To All: May you have the gladness of Christmas which is hope; The spirit of Christmas which is peace; The heart of Christmas which is love. – Ada V. Hendricks
Well, the cookie swap and services were Christmas Eve Eve. There was no one there when we showed up. I hate it when I flake out like that. I marked the wrong date on my calendar, even after double-checking. I gave half of my cookies to my friend to take to a Christmas lunch she was attending and went into town for a steak & cheese at the local mom & pop. edit to add: At least it got me off of my butt to make a batch of spritz Christmas tree cookies.
Alone? No, my lovely SO is here with me, as is her little fur kid. Love them both.
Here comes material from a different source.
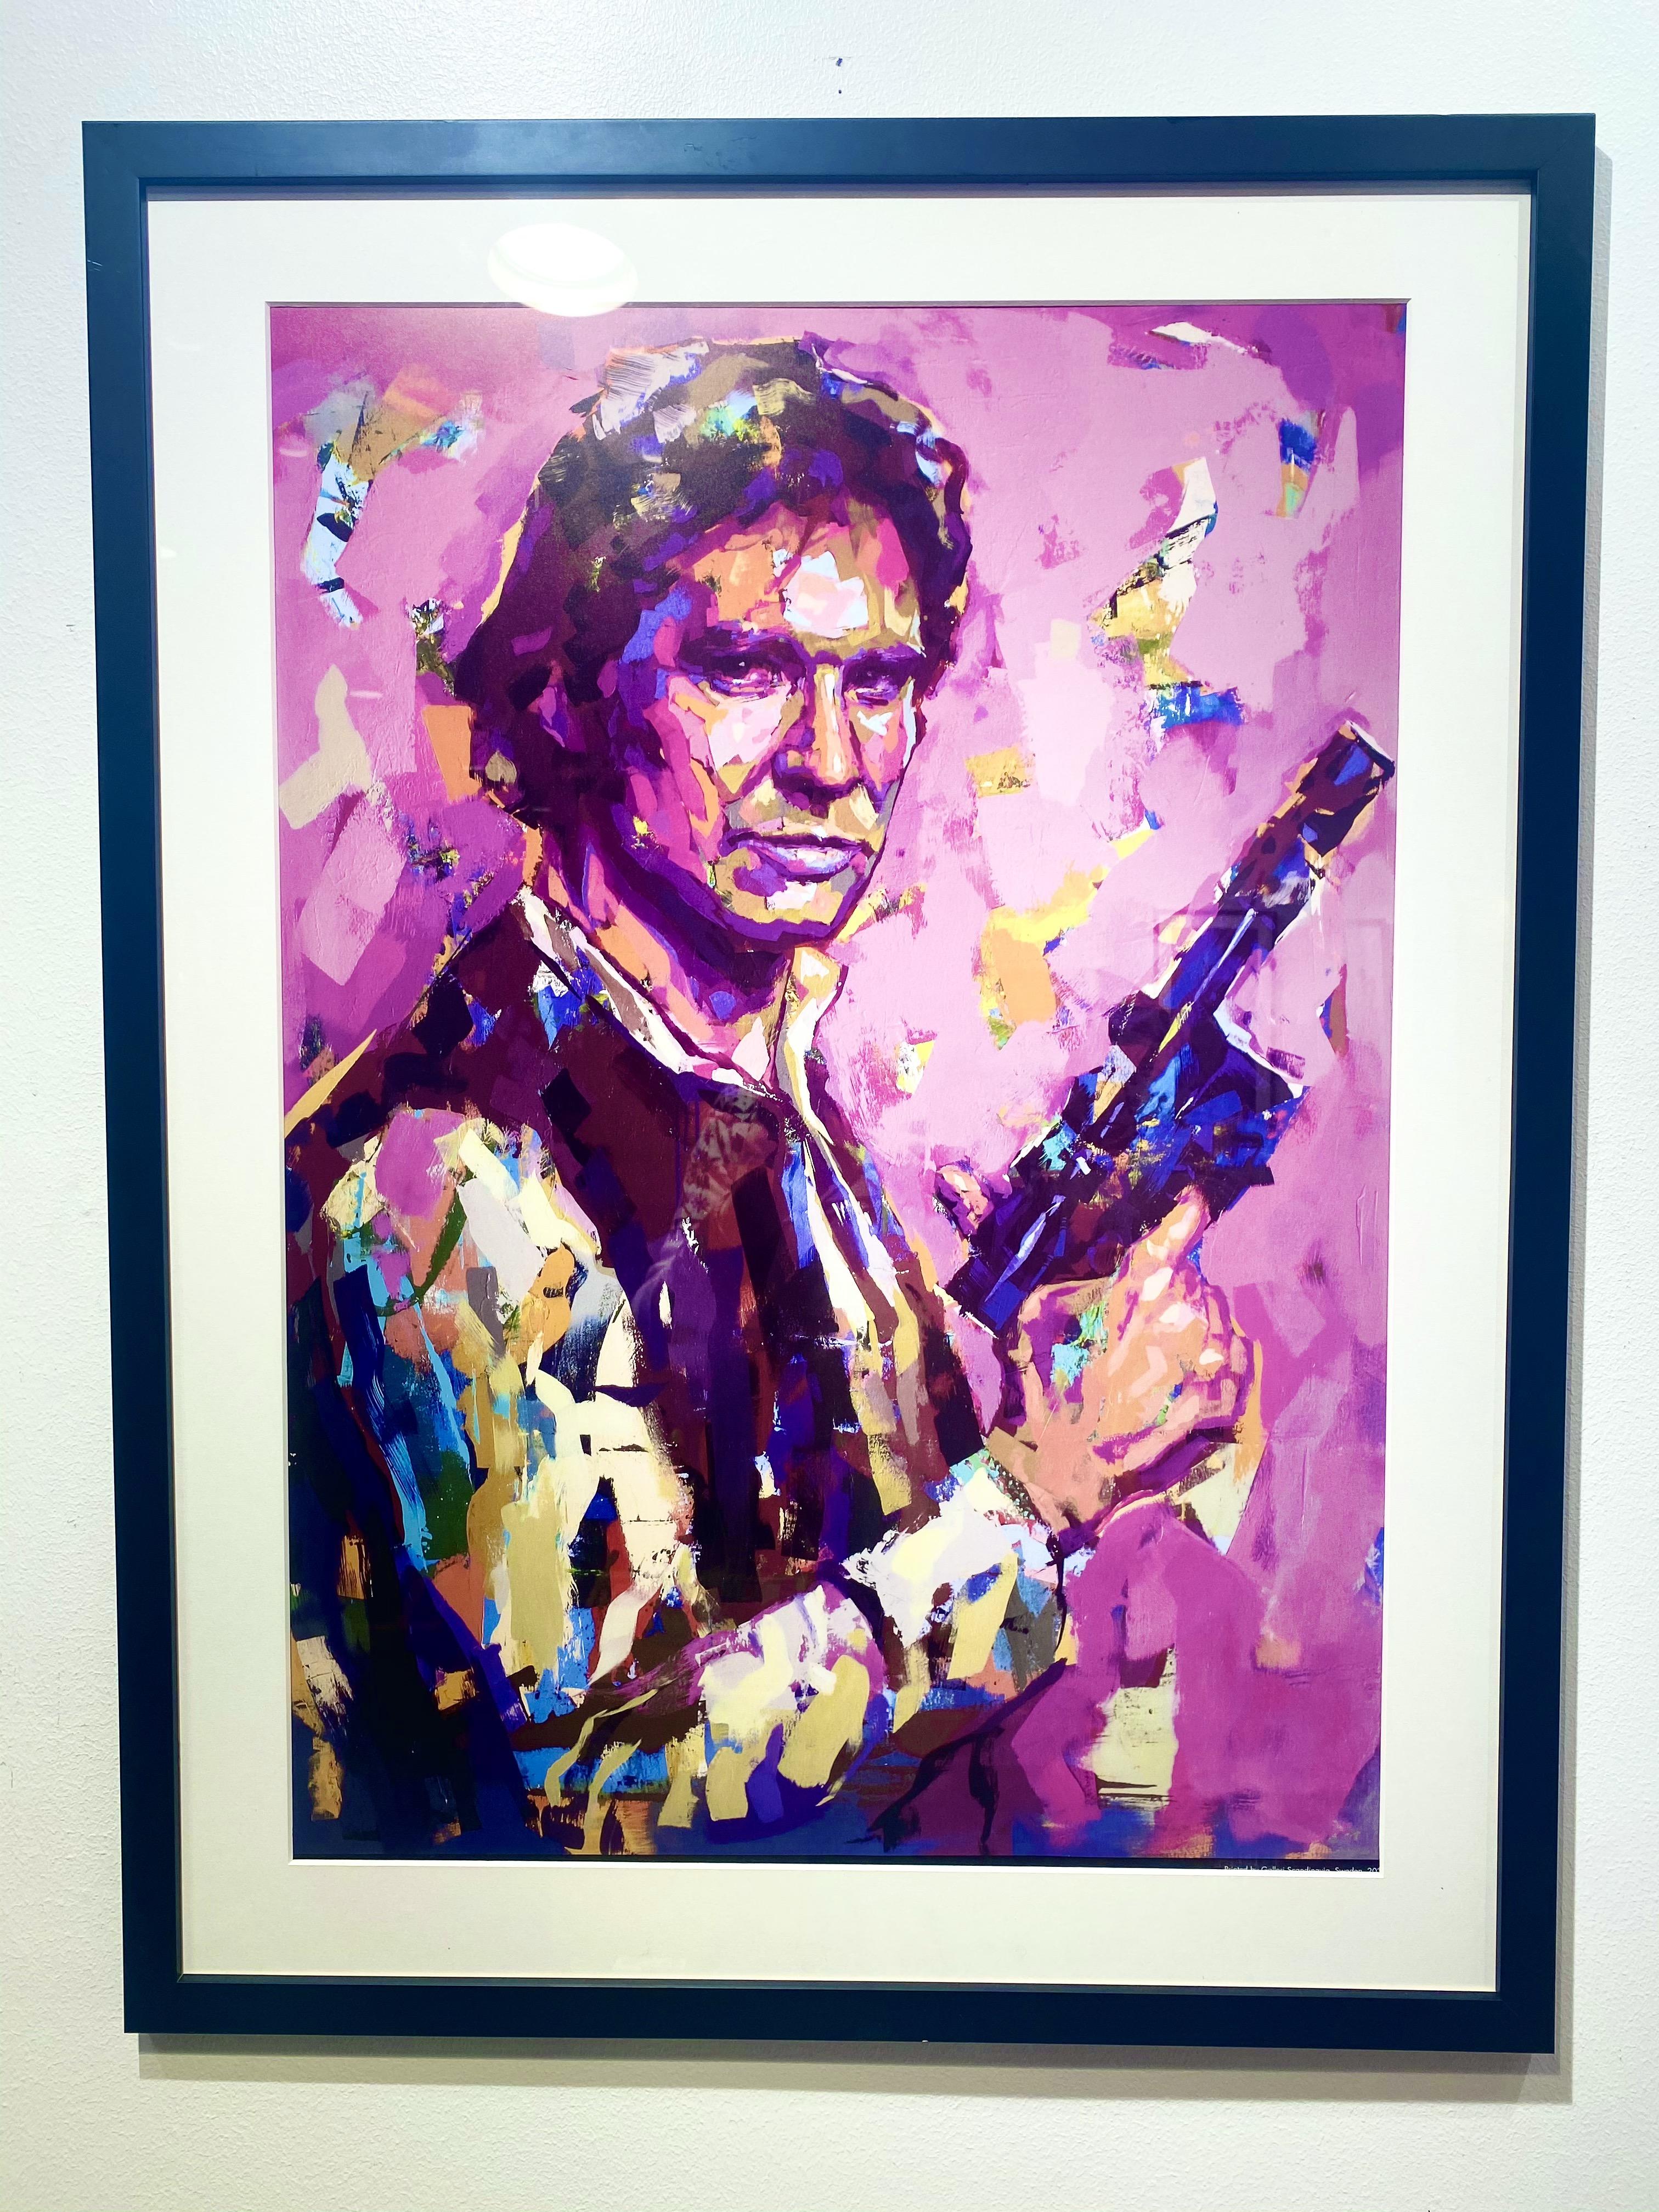 """Han Solo"" Limited Edition av LEG 50x70 cm"

And i was able to talk briefly with my DIL & grandsons, and then had an extended phone call with one of my older brothers. But this is the first Christmas since the death of my son this past August. I have now outlived both my children, their mother, and my second wife. So, not alone in a physical sense, but feeling mighty lonely.
I have not been alone on Christmas since I've been a senior. Although I didn't marry until I was 48, I was in my early 20s when I adopted a son as a single parent, but when he married and I moved to Texas, I had a few solitary Christmases. Then, once I became a paramedic, I usually volunteered to work the holidays so that married co-workers and employees could spend them with their families. As a paramedic, we were generally kept pretty busy over the holidays. I do know that it can be sad and lonely being alone on Christmas, in particular, probably more so the older we get, and I hope that I will never have to experience it.